David turned and saw Mercy on the other side, shining the torch through the opening before the stone dropped again.

  When it rose again, he put out his arms in a gesture he hoped communicated his readiness to catch her. It was well he did, for as soon as the stone reached its zenith, the light from the torch shook and a bundle of fabric flew through the space. David felt the weight of Mercy’s body thump into his chest and her arms wrap around his neck. He cradled her in his arms and found the burden scarcely twenty pounds more than Bethany, despite Mercy’s taller stature. Three clangs of the bells later, the stones stopped moving and the passage sealed shut.

  “David, you can put me down now.” Mercy said in a whisper from beside his ear.

  “Do I have to?”

  “Yes.”

  David sighed dramatically as he lowered Mercy to the ground.

  “Probably for the best,” He said once her feet rested on solid stone. “My back was about to give out.”

  Mercy gasped. “Rude!” She said and slapped his arm. David chuckled as he took the torch from her and pointed it down the stairway, which wound around in a circular descent.

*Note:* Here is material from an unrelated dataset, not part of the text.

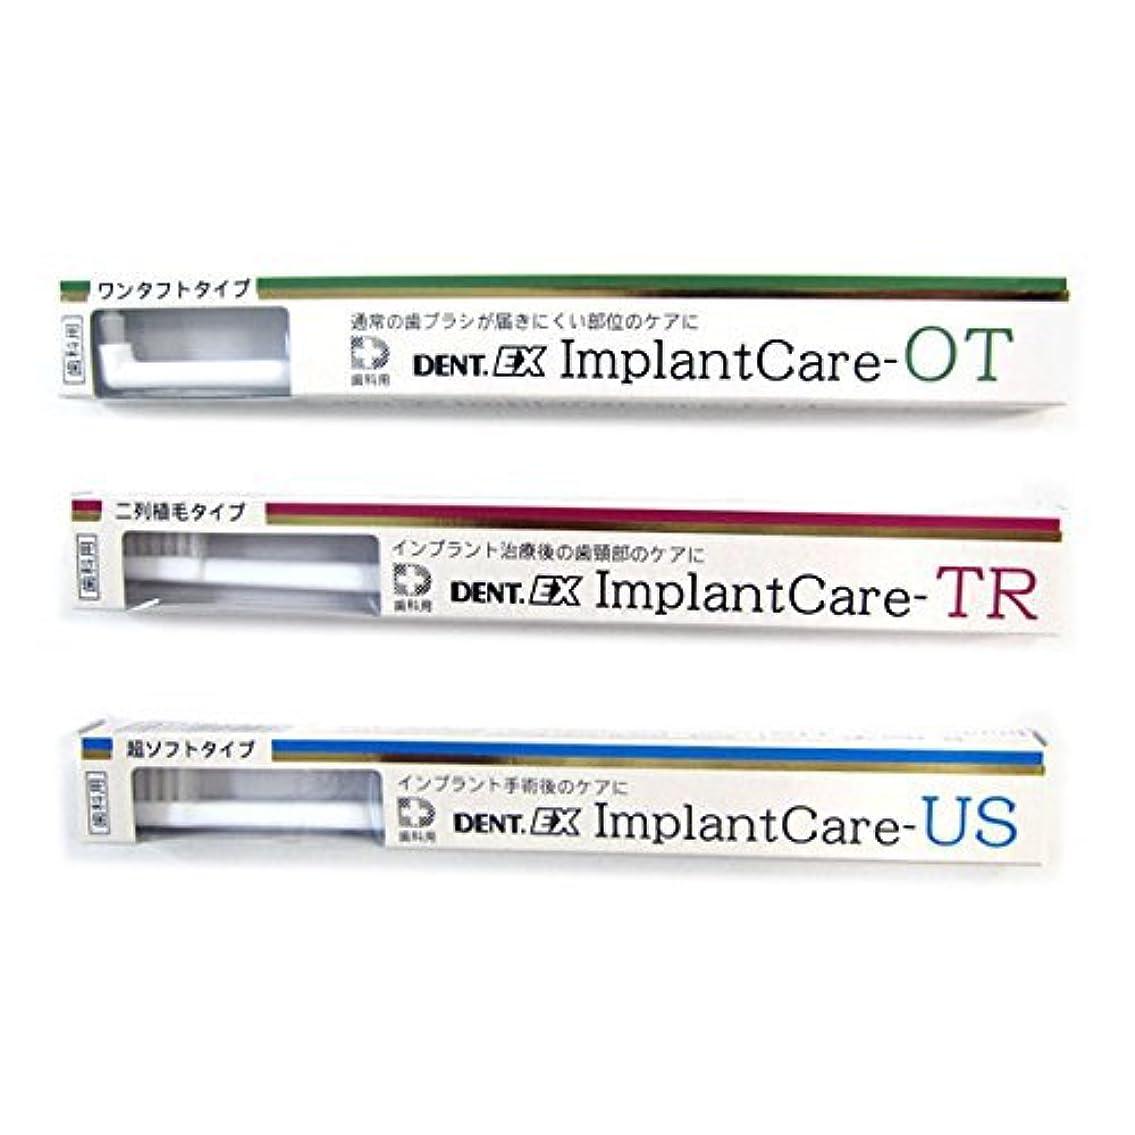 再生的暗唱する私たち自身デント DENT EX ImplantCare インプラントケア 単品 TR(二列)

  He started down the stairway and heard Mercy following close behind. He did his best to split the light of the torch between the two of them so that both could see where they trod. After about twenty to thirty steps, the stairs came to an end beside a long narrow tunnel about ten feet high. Its sides glimmered in odd ways as they caught the light from the torch and threw it back. David illuminated one wall with his torch. It looked gilded as though someone had plated it with polished silver, though it shown in different colors along different levels of the wall. He lengthened the light down the side of the passage and saw that the metallic surface continued as far as he could see. He ran his hand along the wall. But for a few bubbles here and there that pocked its surface, the wall felt smooth as glass. He took a step and almost tripped on the uneven floor. Shining his light down, he saw why. The floor rippled, though, not in a jagged way. It looked like the surface of a pond frozen in time after someone tossed a rock into its center. He tapped a foot down and felt solid rock, his leg jarring with every impact. He looked up at Mercy with a puzzled face. She stood a few feet away, her outline clear in the darkness.